Since $\mathcal{L}$ is the semidefinite matrix and has a zero eigenvalue, ${\xi }_{\mu }$ converges as (11).

$$\left\{\begin{array}{cc}\forall t>0,{\xi }_0\left(t\right)={\xi }_0\left(0\right)\hfill & (\mu =0)\hfill \\ \underset{t\to \infty }{lim}{\xi }_{\mu }\left(t\right)=0\hfill & (\mu \ge 1)\hfill \end{array}\right.,$$

(11)

where we set ${\sigma }_{\mu }<{\sigma }_{\mu }^{\prime }$ if $\mu <{\mu }^{\prime }$. ${\xi }_{\mu }$ is calculated from all robot phases via coordinate transformation by P. In this sense, ${\xi }_{\mu }$ represents the COS state on the swarm. As ${\sigma }_0$ is a zero eigenvalue and ${\mathit{p}}_0=1_n$, ${\xi }_0$ is an average of the phases. Therefore, (11) means that the phases converge to the same value, which is the average value of the initial states.

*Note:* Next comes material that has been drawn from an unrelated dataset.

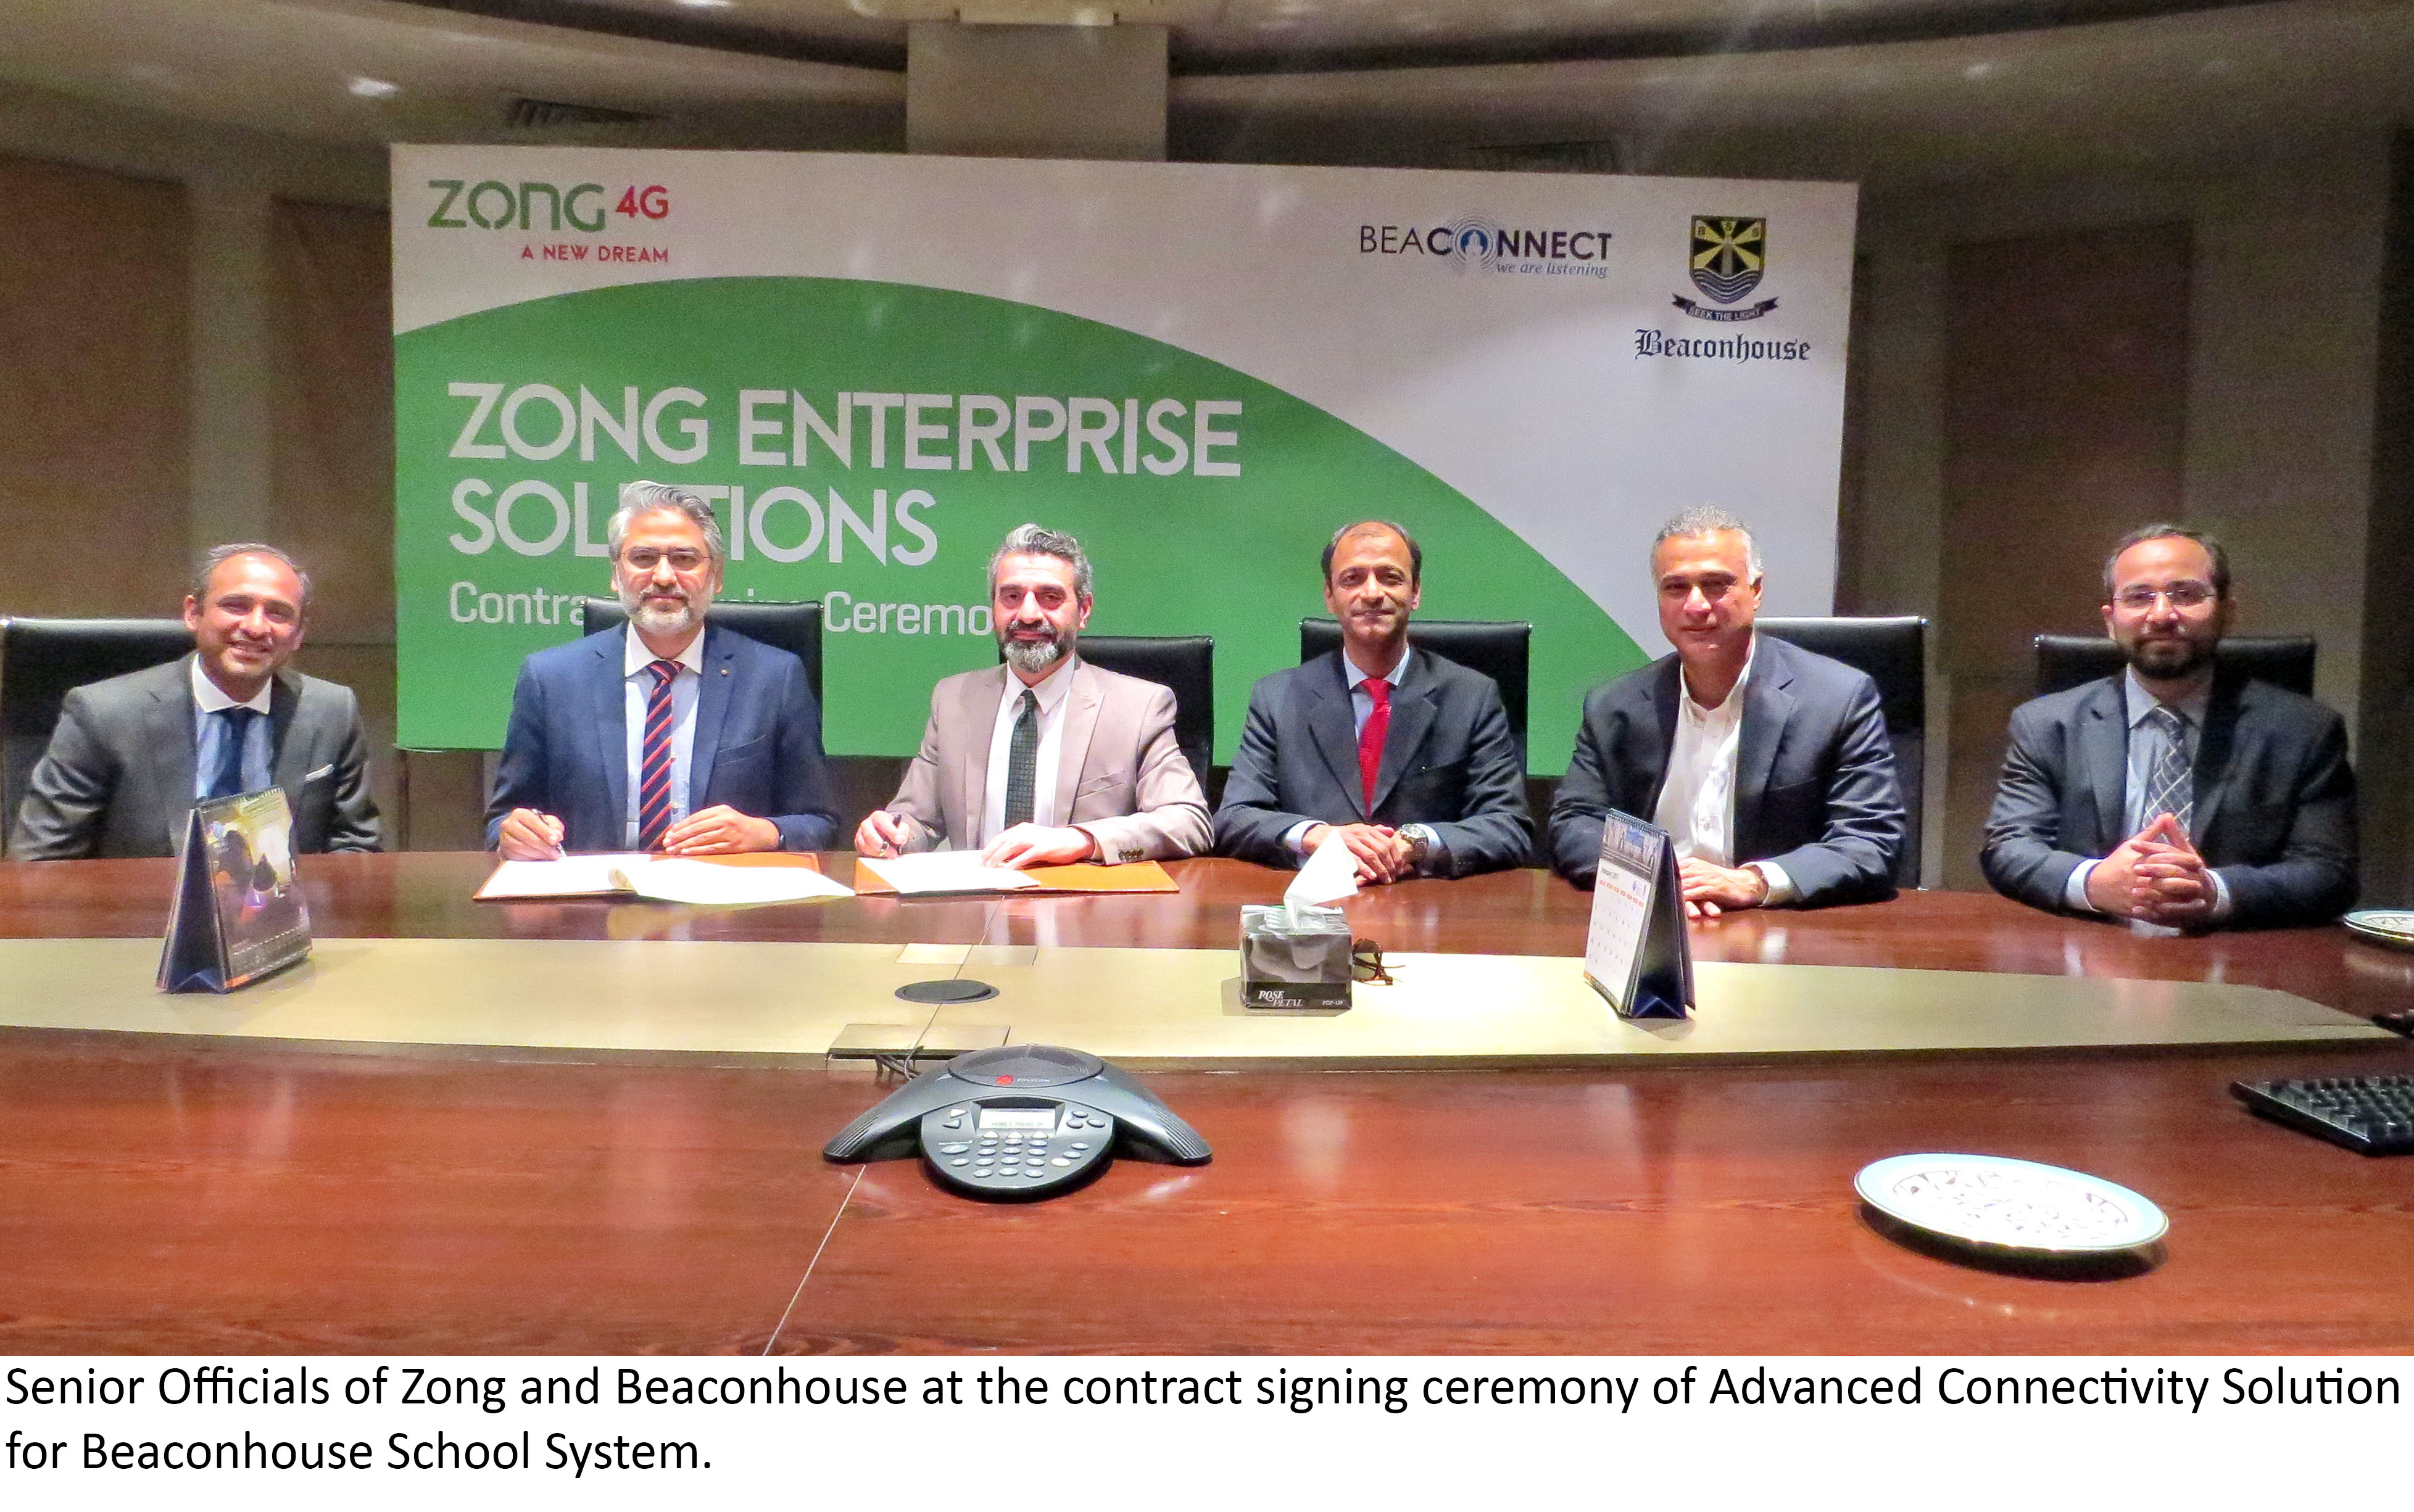 Zong equips Beaconhouse School System with Advanced Connectivity Solution

When angular frequency ${\omega }_i$ is not zero, the interactions generate a spatially smooth, but discrete, field. Figure 2 shows an example of the field. Clocks on the robots denote their phase value. Most of the robots have the same angular velocity $\omega$. Only the right-most robot has a larger angular frequency $\omega +\Omega$. In this case, phases are distributed as a gradient starting from the right.

Figure 2. Example of field generated by COS.

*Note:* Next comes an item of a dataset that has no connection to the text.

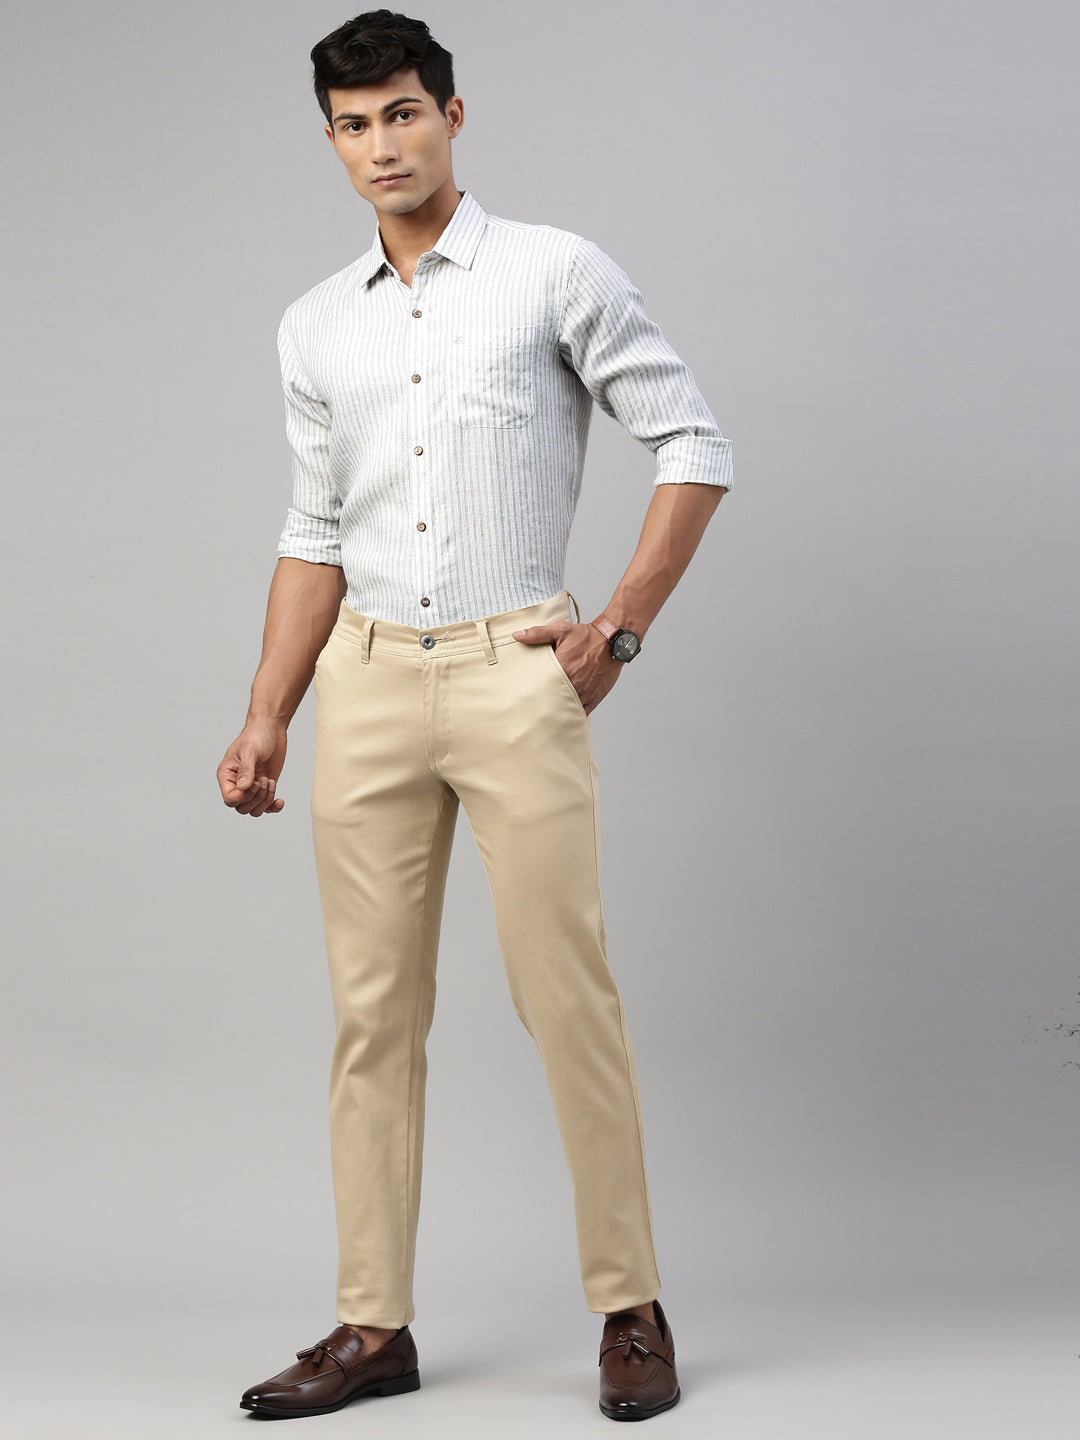 What Color Pants Go With Khaki Beige And Tan Shirts  Ready Sleek

In a real robotic system, we can implement the COS in robots in a simple way. Consider the robots are equipped with LED and light detectors. Let robot i emit its LED when ${\varphi }_i=0$. Neighbor robot j calculates the phase difference between it and i as $0-{\varphi }_j$ when it detects the light from robot i. Robot j uses the phase difference to update its phases following (5). Therefore the COS can be implemented via simple communication.

In the following section, we assume ${\omega }_i=0\forall i$, which means that ${\varphi }_i$ is the deviation of the original phase from ${\omega }_{i}t$. For simplicity, we also assume ${\varphi }_i\in \mathbb{R}$. These assumptions do not affect the discussion herein but need to be considered in a real system.

2.3. Problem Setting

The objective of this study is to design a method of interaction among the phases of the robots so that a robot can estimate ${\sigma }_{\mu }$. In other words, we propose a method of estimating the global states of a swarm only by local observations and interactions among the distributed robots.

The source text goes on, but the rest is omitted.